The controller is one of the Kafka brokers that, in addition to the usual broker functionality, is responsible for electing partition leaders. The first broker that starts in the cluster becomes the controller by creating an ephemeral node in ZooKeeper called /controller.

Kafka uses Zookeeper’s ephemeral node feature to elect a controller and to notify the controller when nodes join and leave the cluster. The controller is responsible for electing leaders among the partitions and replicas whenever it notices nodes join and leave the cluster. The controller uses the epoch number to prevent a “split brain” scenario where two nodes believe each is the current controller.

Controller => one broker will also function as the cluster controller - There is only one controller in a cluster at all times. Admin operations:

  • Assigning partitions to brokers
  • Monitoring for broker failures

The leader of the partition => partition is owned by a single broker in the cluster. A partition may be assigned to multiple brokers, which will result in the partition being replicated. Another broker can take over leadership if there is a broker failure. However, all consumers and producers operating on that partition must connect to the leader.


Messages in Kafka are categorized into topics. Topics are additionally broken down into a number of partitions A topic typically has multiple partitions, there is no guarantee of message time-ordering across the entire topic, just within a single partition.

Replicas are spread across available brokers, and each replica = one broker. RF 3 = 3 brokers

Dynamic topic configurations are maintained in Zookeeper.

Partitions are also the way that Kafka provides redundancy and scalability. Each partition can be hosted on a different server, which means that a single topic can be scaled horizontally across multiple servers to provide performance far beyond the ability of a single server.

  • num.partitions how many partitions a new topic is created with, primarily when automatic topic creation is enabled - DEFAULT 1 - The number of partitions for a topic can only be increased, never decreased

log-retention settings operate on log segments

  • The most common configuration for how long Kafka will retain messages is by time. log.retention.hours parameter, DEFAULT - 168 hours, or one week. log.retention.minutes the smaller unit size will take precedence if more than one is specified.

  • log.retention.bytes - applied per-partition - log.retention.bytes & messages may be removed when either criteria is met

  • log.segment.bytes - DEFAULT 1 GB

  • - The amount of time after which a log segment should be closed. --- NOT DEFAULT ---

  • message.max.bytes - DEFAULT 1MB - (or 1000000) - impact I/O throughput Coordinated with the consumer configuration fetch.message.max.bytes configuration on consumer amd the replica.fetch.max.bytes


Producers create new messages (publishers/writers). A message will be produced to a specific topic.

The producer does not care what partition a specific message is written to and will balance messages over all partitions of a topic evenly. In some cases, the producer will direct messages to specific partitions. This is typically done using the message key and a partitioner that will generate a hash of the key and map it to a specific partition.

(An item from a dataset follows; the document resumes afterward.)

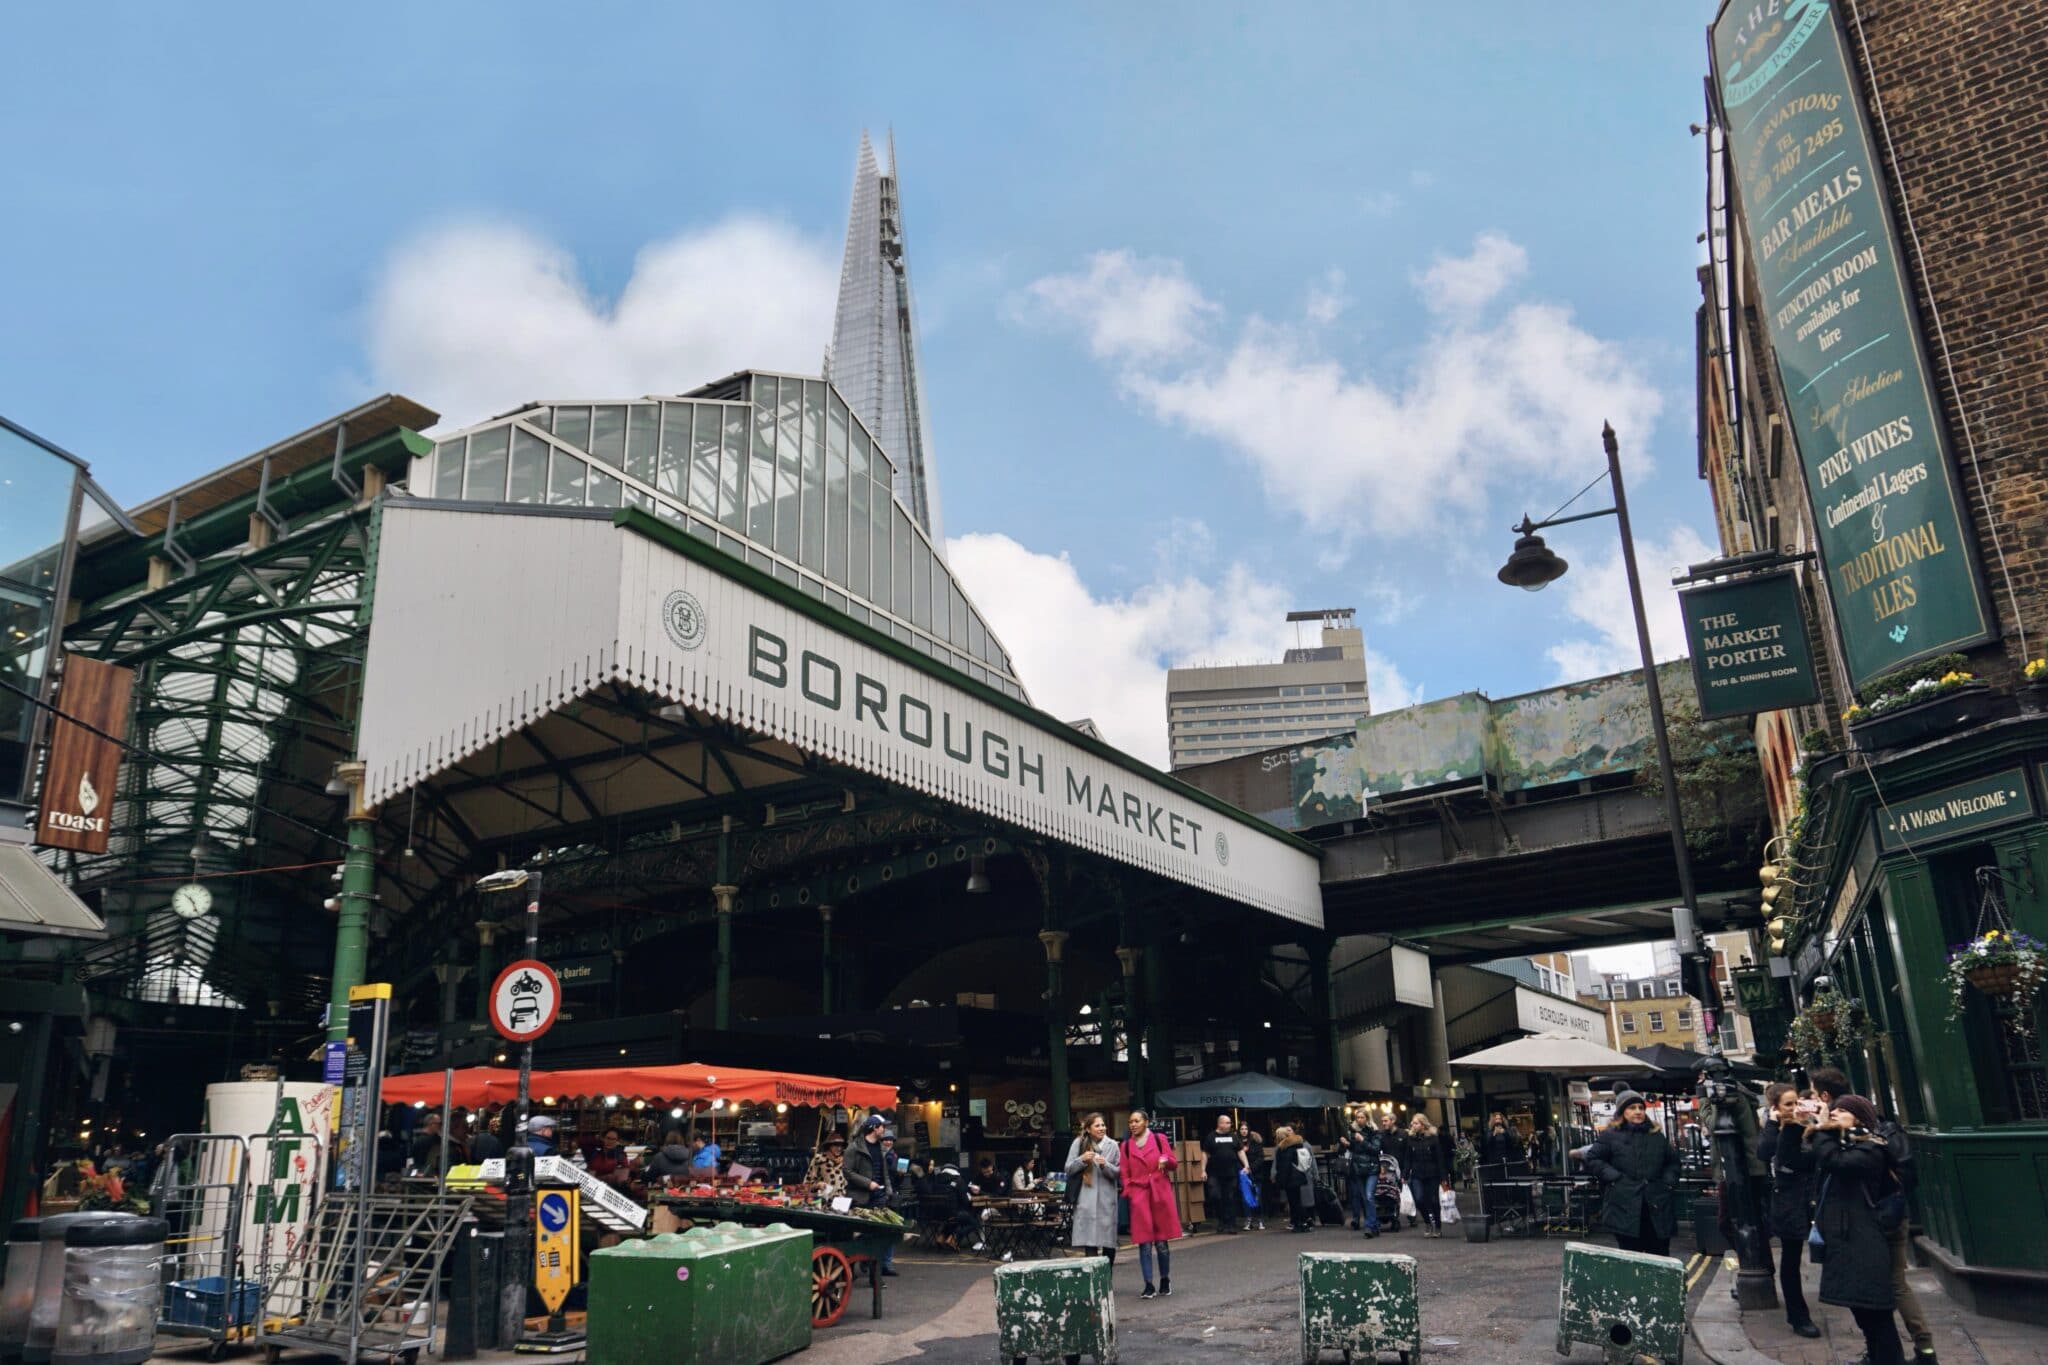 London Bridge Borough Market

This assures that all messages produced with a given key will get written to the same partition

Keys are necessary if you require strong ordering or grouping for messages that share the same key. If you require that messages with the same key are always seen in the correct order, attaching a key to messages will ensure messages with the same key always go to the same partition in a topic. Kafka guarantees order within a partition, but not across partitions in a topic, so alternatively not providing a key - which will result in round-robin distribution across partitions - will not maintain such order.

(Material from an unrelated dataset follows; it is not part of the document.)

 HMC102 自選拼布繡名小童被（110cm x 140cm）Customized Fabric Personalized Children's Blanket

ProducerRecord, which must include the topic we want to send the record to and a value. Optionally, we can also specify a key and/or a partition. Once we send the ProducerRecord, the first thing the producer will do is serialize the key and value objects to ByteArrays so they can be sent over the network. Next, the data is sent to a partitioner. If we specified a partition in the ProducerRecord, the partitioner doesn’t do anything and simply returns the partition we specified. If we didn’t, the partitioner will choose a partition for us, usually based on the ProducerRecord key. Once a partition is selected, the producer knows which topic and partition the record will go to. It then adds the record to a batch of records that will also be sent to the same topic and partition. A separate thread is responsible for sending those batches of records to the appropriate Kafka brokers.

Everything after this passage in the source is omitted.